What you say about water white honey versus the darker honey is partially true in my experience and in my area. I price my honey the same regardless of color and I find that the lighter honey does indeed sell better in the local 24 hour store where I have it on the shelf. However, when I take my honey to any of the local markets and my customers have a chance to taste the different honeys I invariably sell more of the medium and dark amber honeys. In fact, this past weekend I sold over twice as much of the darker honey than I did of the light honey.

My personal belief is that since most buyers are used to buying the light honey in the supermarket, until they actually get a chance to taste some of the darker honeys, they just don't know what they're missing.


----------



## Bob Harrison (Mar 15, 2005)

You can always promote and sell darker single *source honey* in local markets.

What I refer to is packers. Let me explain. Many will not agree with packers methods but still I speak the truth about their methods from direct experience.

*If* you sell bulk honey in drums (like I do at times) you sell to packers which want a uniform product. Taste and color are very important to those people. 

All honey is not equal in flavor and color. Honey you see sold as say California sage or Midwest clover may be in fact mixed with some off tasting honey. Packers want each jar of *their* brand you buy to be similar in color and taste. Blending is the only way to do so.

Buckwheat and heartsease honey is fine as a single source honey but almost imposible to sell to packers not selling the honey as a specialty honey. Takes a lot of honey to change the flavor of buckwheat or lose the odor of heartsease.

Over half of the honey sold in U.S. stores today is from foreign sources and is blended. A common blend is two drums of water white excellent honey to eight drums of dark amber Argentine honey.

U.S. beekeepers could gear up and produce all the honey sold in the U.S. but with the low price of honey today not a wise move as many times the prices offered by packers is below the cost of production.

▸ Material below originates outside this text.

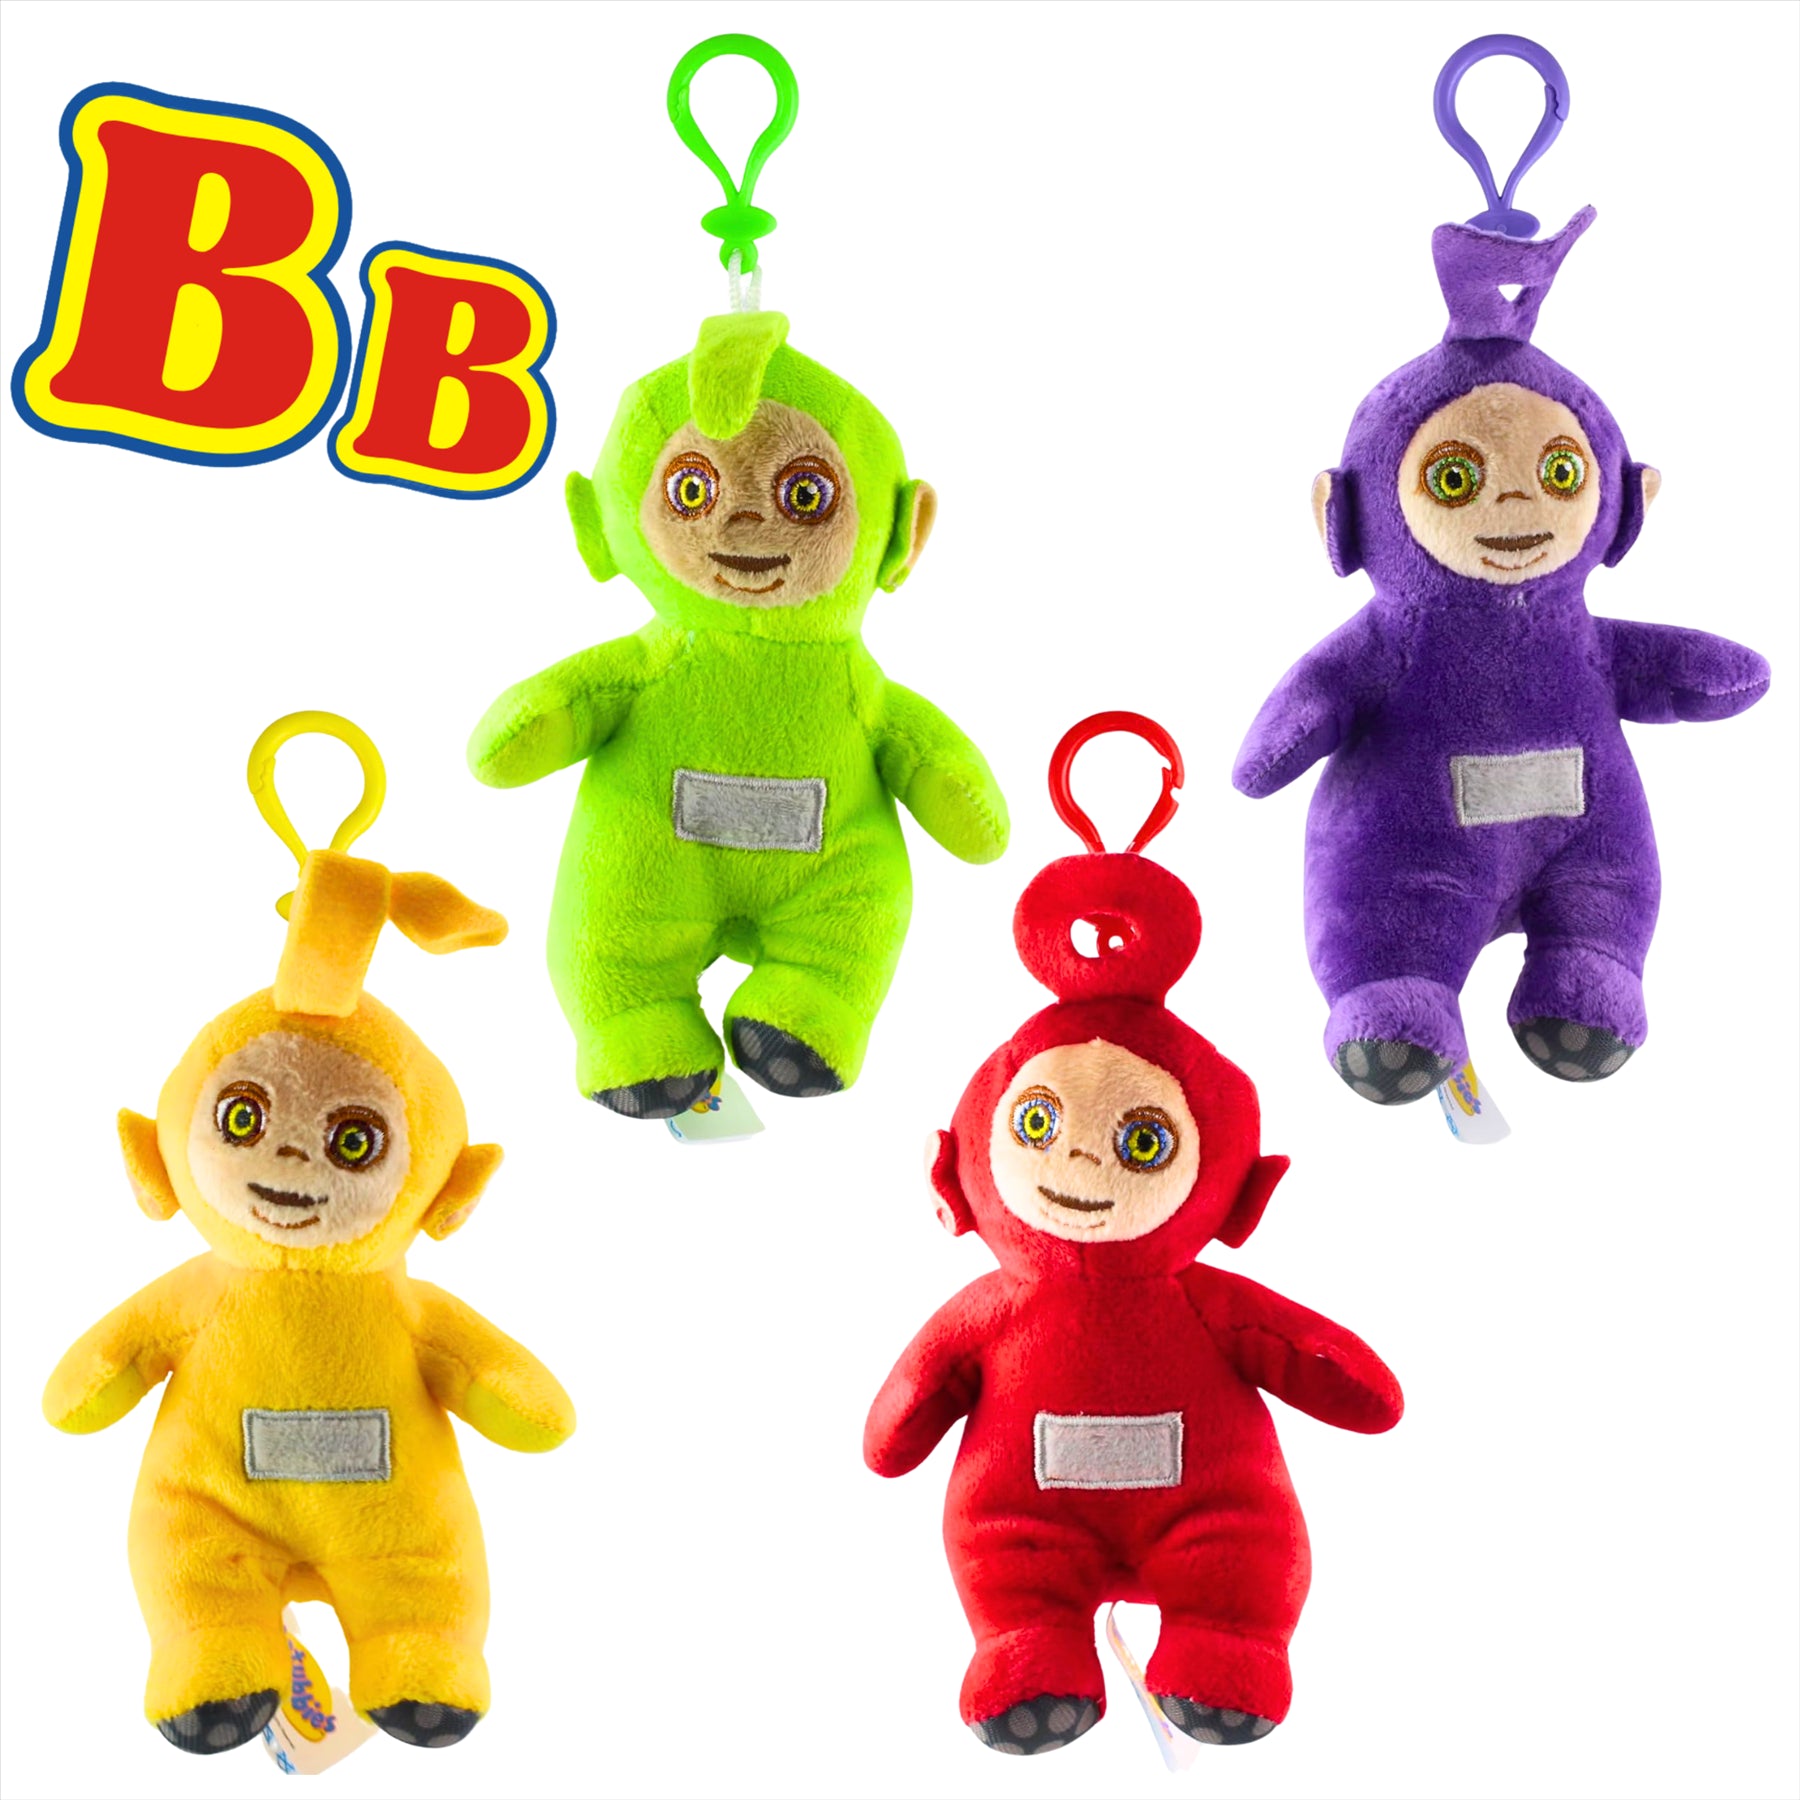 Teletubbies Super Soft Gift Quality 12cm Embroidered Plush Keyclips Set of All 4 - Tinky Winky, Dipsy, Laa-Laa, and Po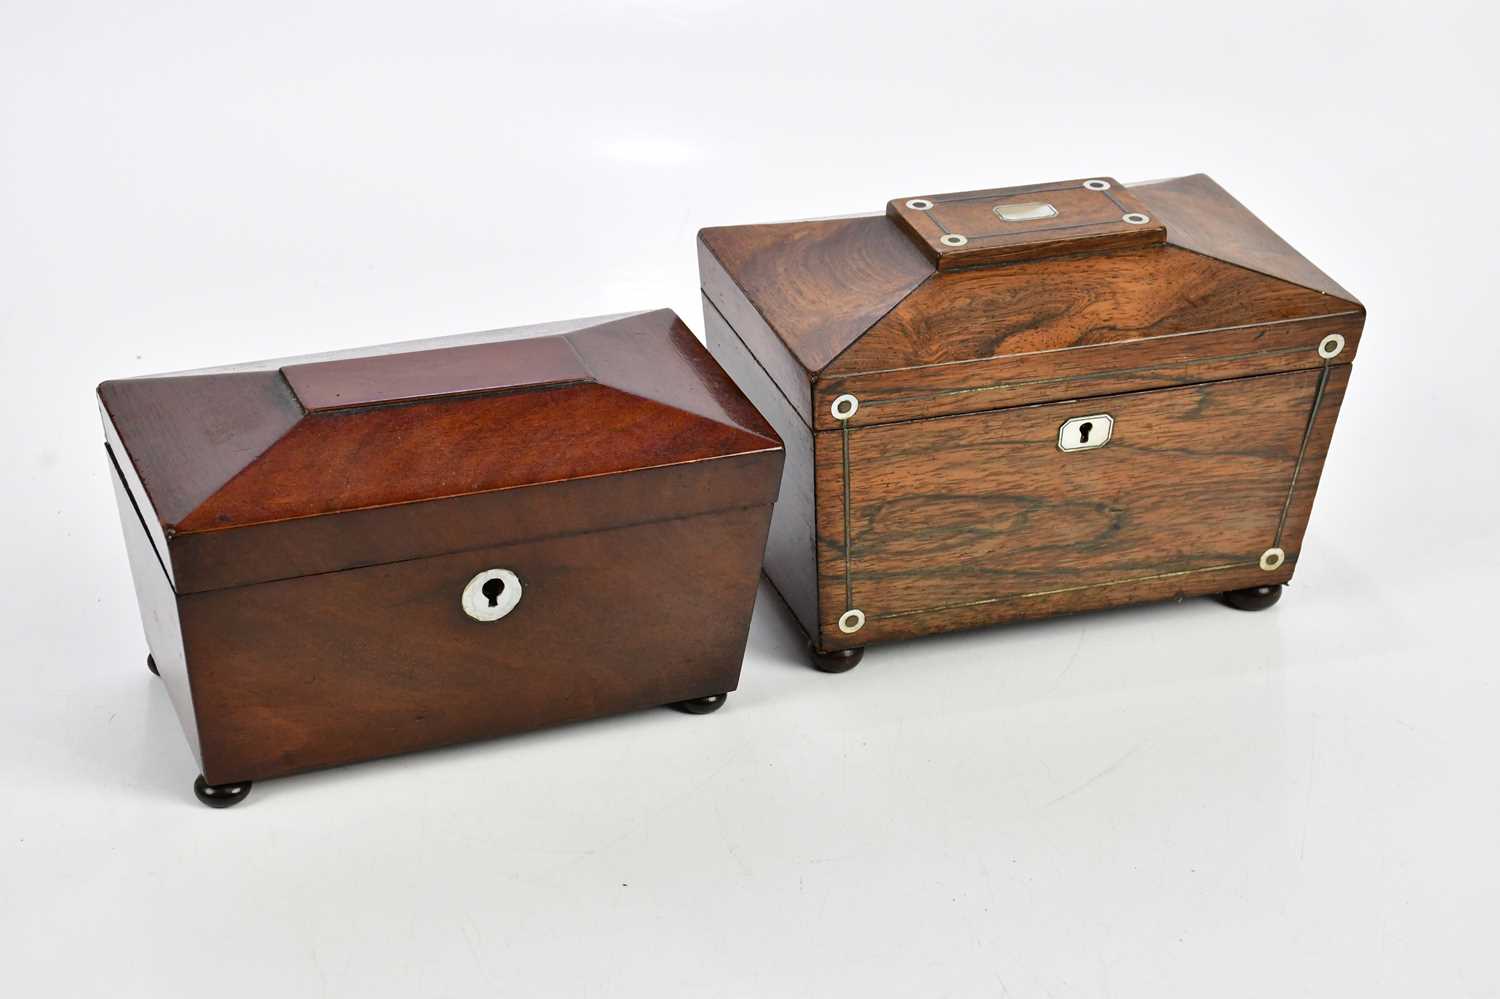 A 19th century rosewood sarcophagus shaped tea caddy with mother of pearl inlay, together with an

Maybe now when the list reads those bulk honey sales of the internet you will realize the price is directly effected by the color (pflund scale) and the flavor & odor. I have seen a honey produced in fall around Carthage ,Texas which was water white and had an excellent flavor but smelled like dirty socks. Not sure of what honey gave the odor.

I unloaded 60 drums out of South Dakota for a new packer friend a few weeks ago and he asked what I though of the honey. Extra light amber and good flavor but the distinct odor of heartsease (smartweed). Smartweed honey also has the problem of really getting dark after normal heating by a packer to filter and bottle. He called later to say I was right and the bears really stand out on the shelves due to the dark color. My friend is only in his late twenties and is learning but he needs to beware as one semi of off flavor honey can hurt sales. He took over an established market but still all packers know if a customer switches brands it will be a long while before they return (if ever).
Most the list is hobby but it never hurts to understand the way packers think.


----------



## Martha (Feb 14, 2004)

Hi,
Yeah, those are small sizes. I sell 6, 12 & 19 oz jars. I did sell a full gallon of raw unfiltered straight from the extractor last year.

It would depend on who you are selling to. Friends/family? Most of the people I sold to were my fellow homeschoolers, neighbors, family and church people. I would let them taste some, then they would remark on how different it tasted than what is in the full line grocery stores. My comb honey didn't sell as well. I guess people don't like chewing the wax.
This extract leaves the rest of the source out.